A elle seule elle incarnait tous les printemps, passés et à venir.
Sa grâce faisait trembler les hommes.
Ce que ton père a tué c’était Aphrodite dans le corps d’une enfant.
En immolant sa propre fille, il voulait ébranler les troyens, jusqu’à les massacrer sans fin.
Fallait-il qu’il mesure sa détermination en plongeant le glaive de son ambition dans la gorge
de ma fille ?
Fallait-il que le roi l'emporte sur le père ?
Fallait-il qu'il sacre le printemps de mon enfant en lui ouvrant la gorge ?
[…]
ORESTE. - Tu dis qu'il a tué ma sœur pour satisfaire son ambition,
Mais toi pourquoi l'as-tu tué si ce n'est pour assouvir la tienne ?
CLYTEMNESTRE. - Mon ambition était de voir grandir ma fille.
En tuant Iphigénie, ton père a armé le bras de mon démon.
Ce matin-là à Aulis, quand il l'égorgea, c'est l'espoir d'un monde meilleur qu'il détruisit.
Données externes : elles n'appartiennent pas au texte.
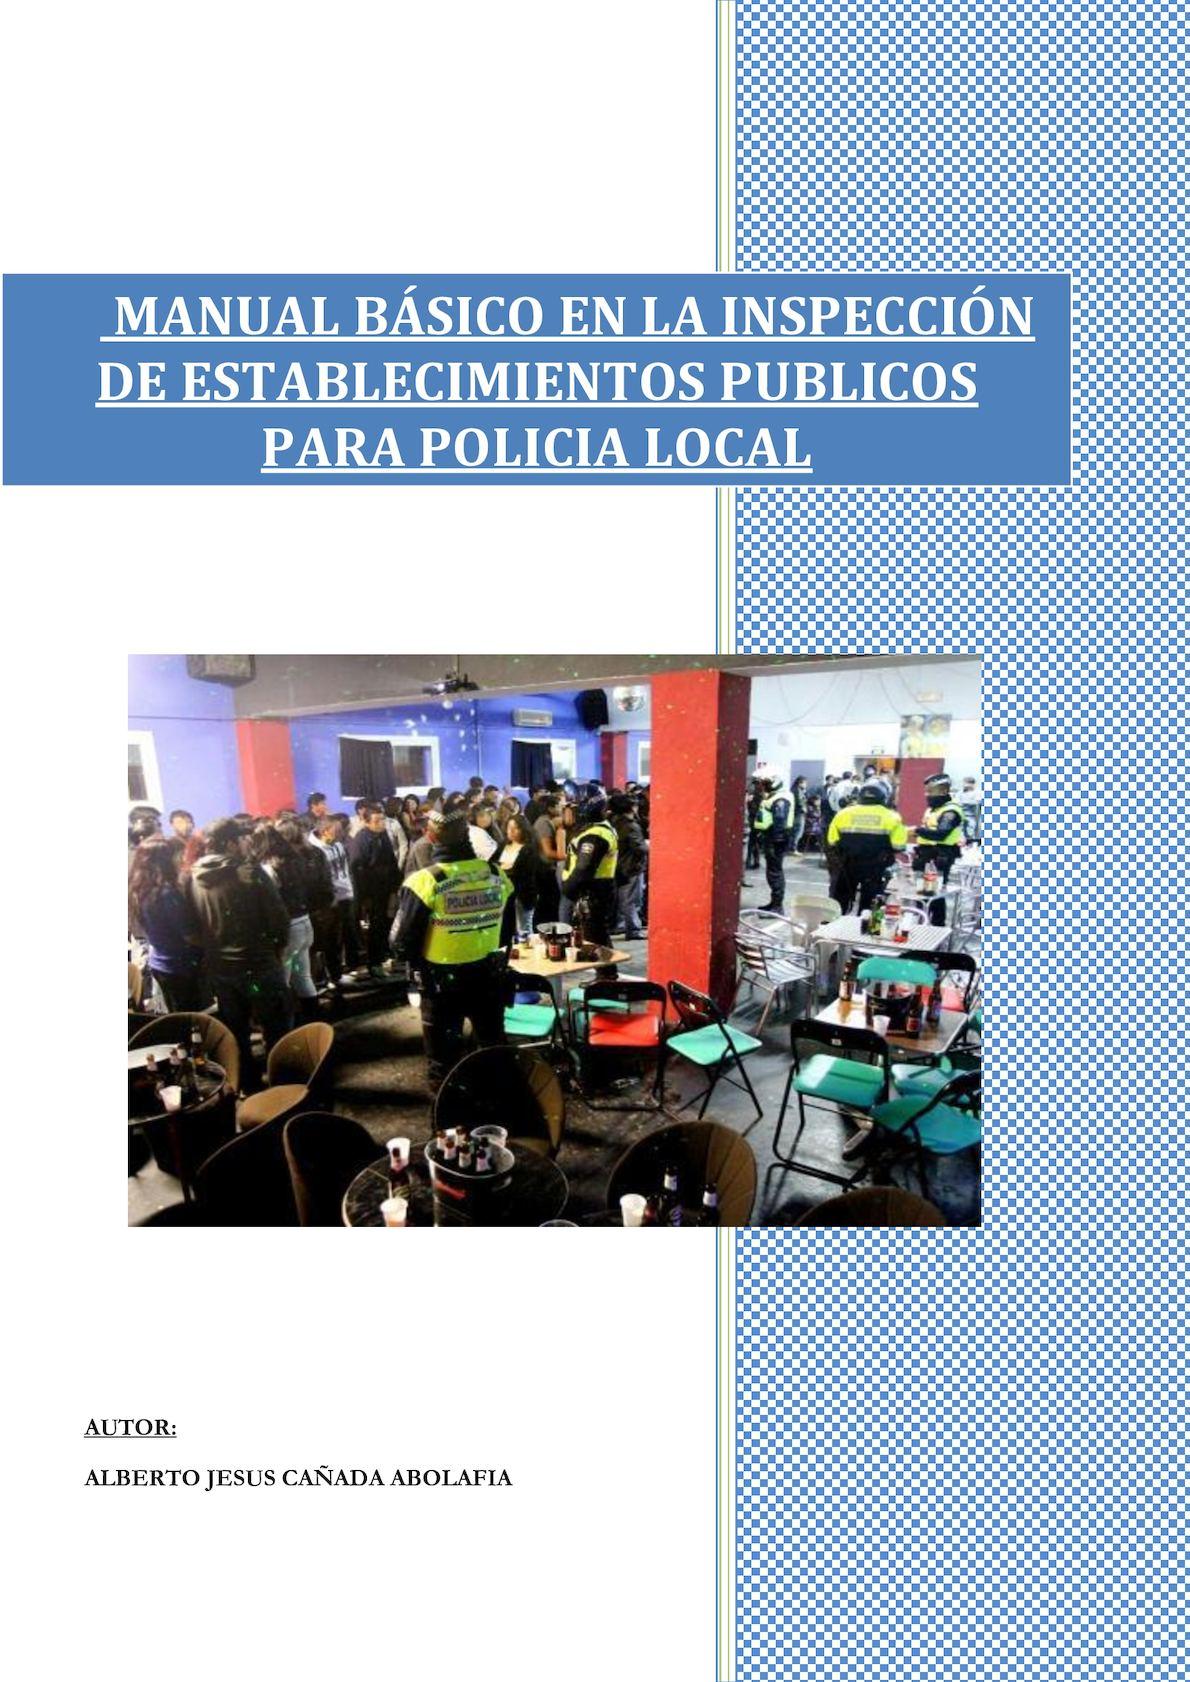 Manual Basico De Inspeccion De Establecimientos Publicos Para Policia Local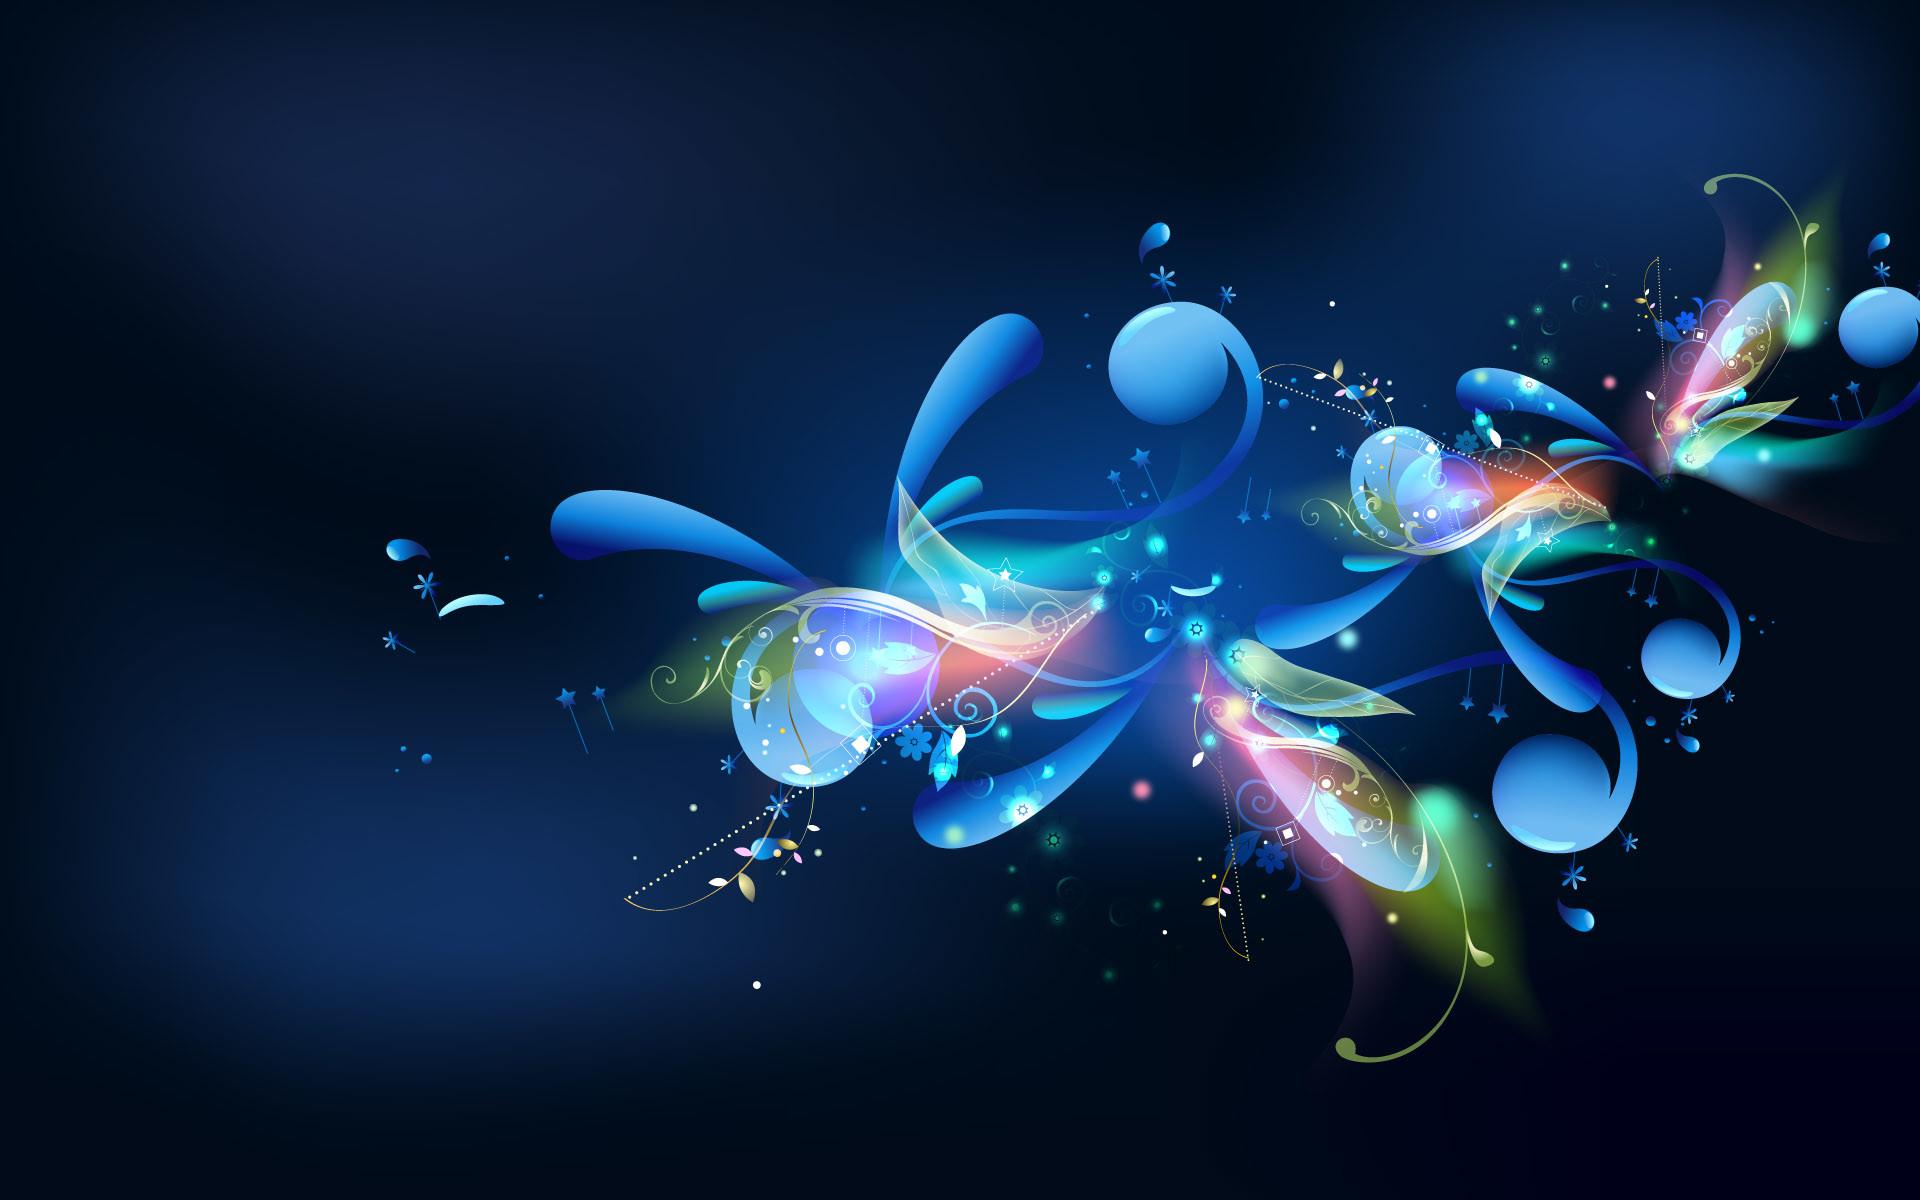 damask wallpaper 360   Hd Wallpaper, Blue Wallpaper, Abstract Wallpaper,  Desktop Wallpaper, Pc Wallpaper,   Pinterest   Damask wallpaper, Wallpaper  pc and …

Oui, je l'ai tué et le tuerai encore.
Celui qui tue une fillette est un fléau pour la race humaine tout entière.
ORESTE. - Tu dis qu'en tuant mon père tu as sauvé le peuple des Hommes ?
CLYTEMNESTRE. - Je dis qu'en tuant ton père j'ai rendu justice à la mère que je suis.
ORESTE. - Je te parlais de la race des humains.